Charlotte Theile, Journalistin und Autorin des Buches «Ist die AfD zu stoppen? Die Schweiz als Vorbild der neuen Rechten», sagt, Alice Weidel wolle die AfD zu einer deutschen Version der Schweizer SVP machen. Die SVP vertritt der AfD ähnelnde Werte, sie ist auch sehr rechts und hetzt gegen Immigration. Die AfD nimmt die SVP auch aufgrund ihres hohen Wähler:innenanteils zum Vorbild. Theile betont aber, dass die politischen Systeme der beiden Länder unterschiedlich seien, was sich auch auf das Verhalten der Wähler:innen auswirke.
Früher galt die SVP als extremistisch, über die Jahre habe sich die Partei jedoch neutralisiert, meint Marco Kovic, Sozialwissenschaftler und Dozent an der Universität Luzern. Gleichzeitig erlebte die AfD seit ihrer Gründung bis heute einen ziemlich starken Rechtsrutsch. «Deshalb sind die Parteien nicht mehr eins zu eins vergleichbar», so Kovic. Laut Charlotte Theile ist der prägnante Unterschied zwischen der SVP und der AfD, dass die rechteste Partei der Schweiz alles auf Christoph Blocher ausrichte. Ein solcher Personenkult – typisch für eine rechte Partei –, sei kaum woanders so ununterbrochen präsent wie in der Schweiz. Die AfD hat keine solch konstante Struktur. Die Parteispitzen zerfleischen sich regelmässig gegenseitig, obwohl sie für das Gleiche politisieren.
Es ist bekannt, dass Weidel Kontakt zu SVP-Parteimitgliedern pflegt. Offiziell arbeitet die SVP nicht mit ausländischen Parteien zusammen, doch wie der «Blick» im Oktober 2023 berichtete, hatten Ueli Maurer, Altbundesrat der SVP, und Alice Weidel ein «Treffen, das dem politischen Austausch diente». Aber beeinflusst Weidels Anwesenheit auch die Politik in Einsiedeln? Die vor Ort gefragten Bewohner:innen scheinen sich kaum an ihr zu stören. Manche befürworten ihre rechte Denkweise sogar.
Lesbisch und ultrarechts
Dennoch sorgen Weidels Aussagen oftmals für grosse Kontroversen. Obwohl ihre Partei Ausländer:innen wie auch die LGBTIQ+-Community nicht toleriert, lebt Weidel mit ihrer Schwarzen Ehefrau und zwei dunkelhäutigen Kindern das Gegenteil dessen, wofür ihre Partei steht. Wie geht das zusammen?

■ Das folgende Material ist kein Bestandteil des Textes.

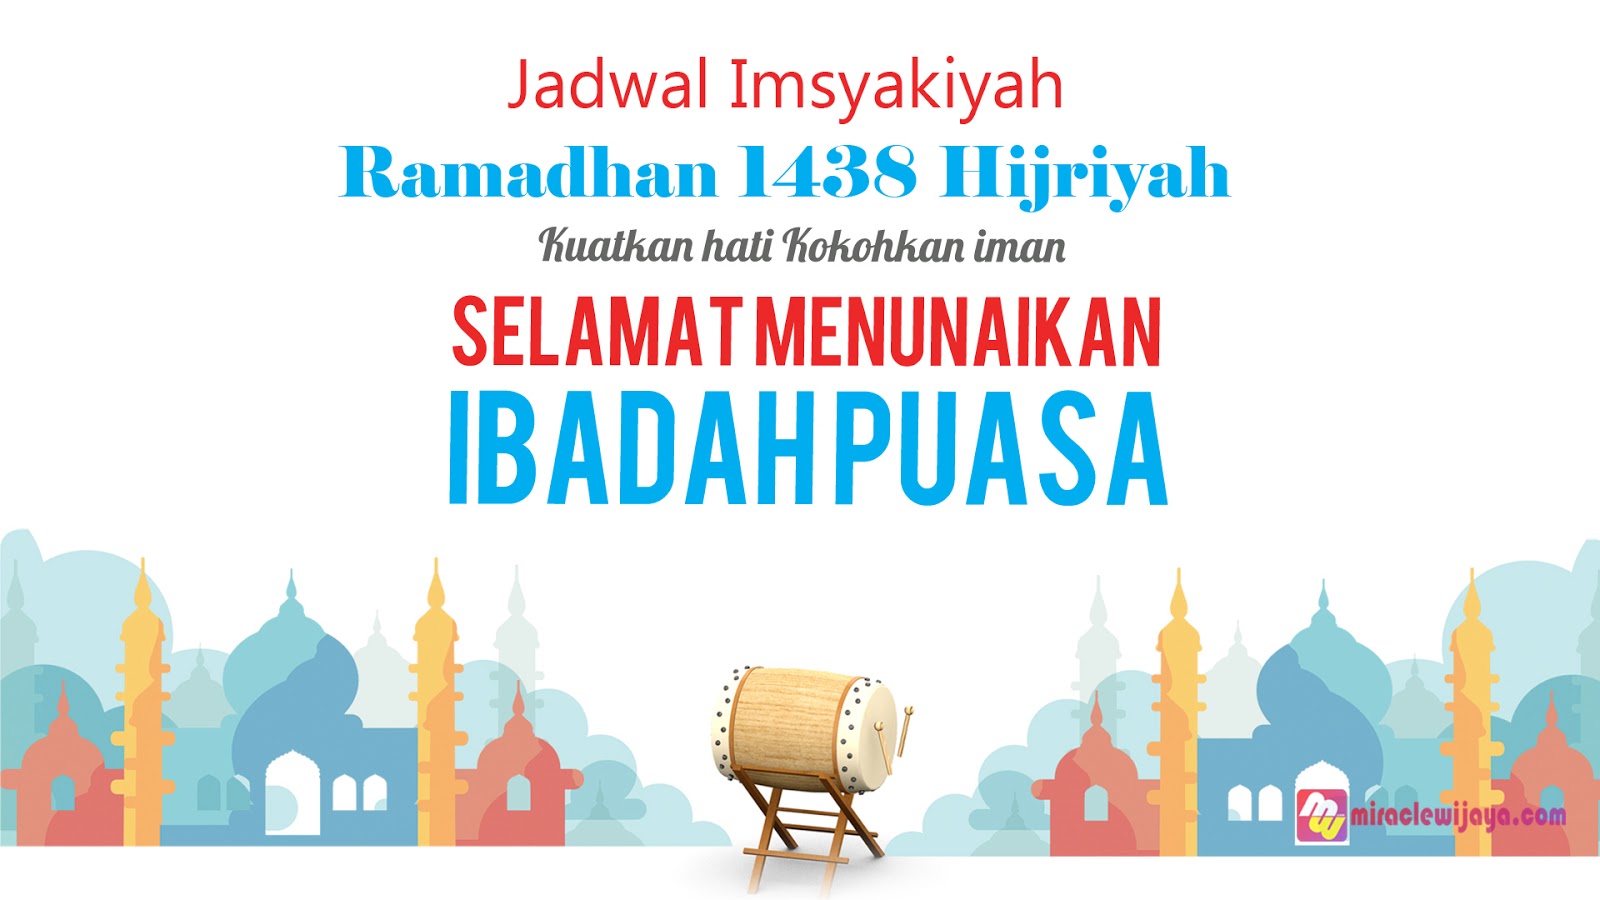 Jadwal Imsakiyah Ramadhan 2018-2019 (1440H 
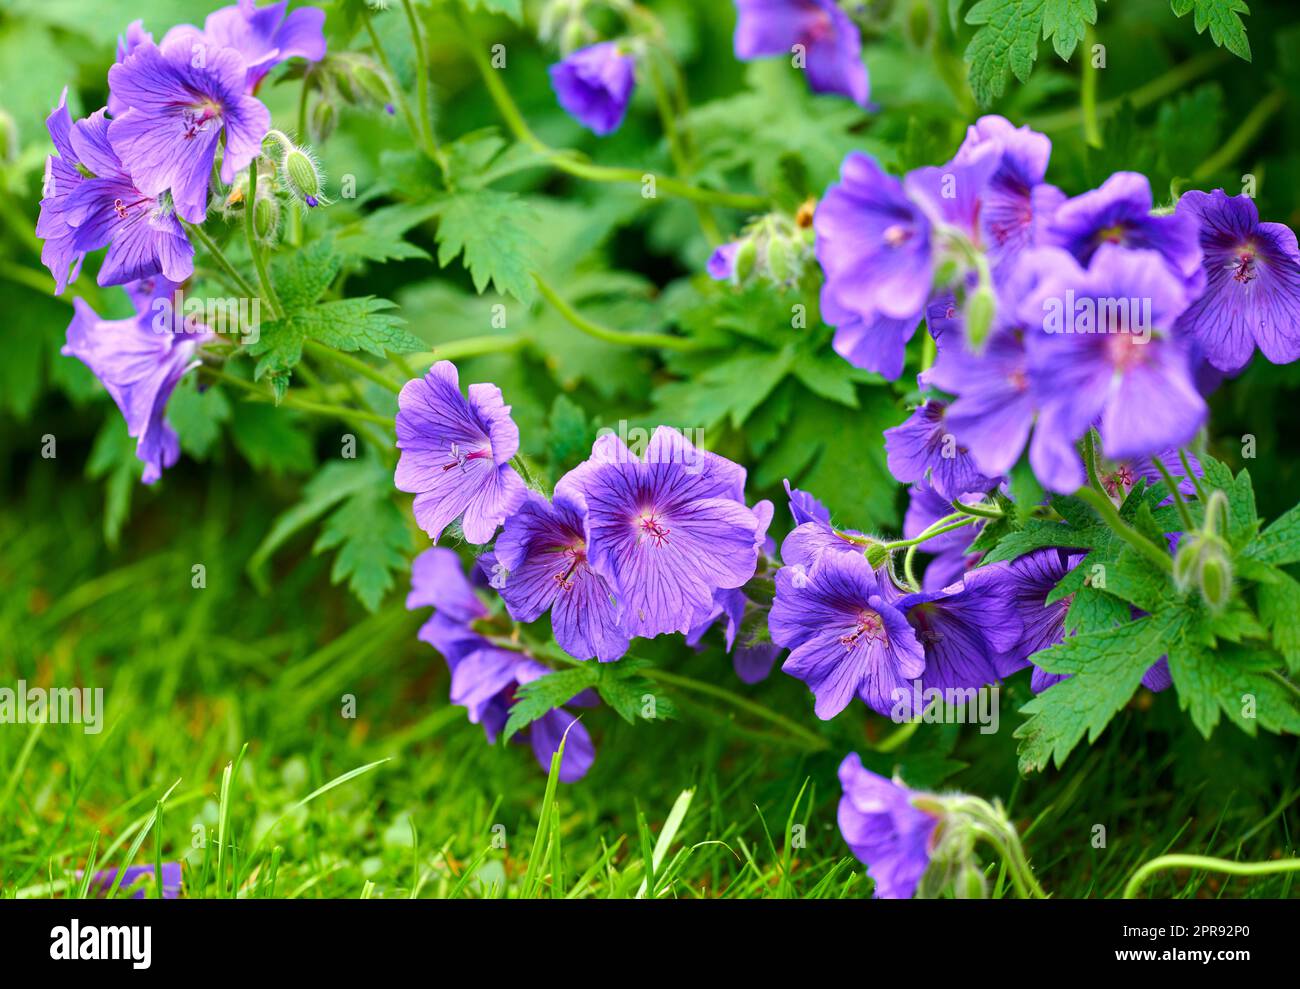 Fiori di geranio viola che crescono all'aperto in un parco. Cespuglio di indaco o gerani blu che fioriscono in un lussureggiante giardino o cortile sul retro in primavera. Delicati fiori selvatici per sfondo naturale con spazio di copia Foto Stock

Anfang September 2023 erklärt sie im ARD-Sommerinterview, dass sie nicht «queer», sondern ausschliesslich lesbisch sei. Diese Aussage sollte, so Sozialwissenschaftler Marco Kovic, verdeutlichen, dass sie keineswegs als eine der «woken Lesben» betrachtet werden möchte, aber vor allem auch ihr privates Leben deutlich von ihrer politischen Arbeit trennen. Möglicherweise auch, weil sie deshalb Kritik von ihren Parteikolleg:innen erfährt? Allerdings hat Weidel auch schon behauptet, dass eingewanderte Muslim:innen die LGBTQIA+-Community nicht tolerieren würden – wohl aus politischem Kalkül, um weitere Bürger:innen von der AfD zu überzeugen.
Laut Autorin Charlotte Theile soll es in der Tat Sarah Bossard, Alice Weidels Ehefrau, gewesen sein, die sie vor mehr als zehn Jahren dazu ermutigt habe, einen politischen Weg einzuschlagen – nachdem sich Weidel 2013 stark mit der Eurokrise auseinandergesetzt hatte.
Hat Alice Weidel in Einsiedeln ihr Wunderland gefunden? Unsere Anfrage liess die AfD-Politikerin bis Redaktionsschluss unbeantwortet.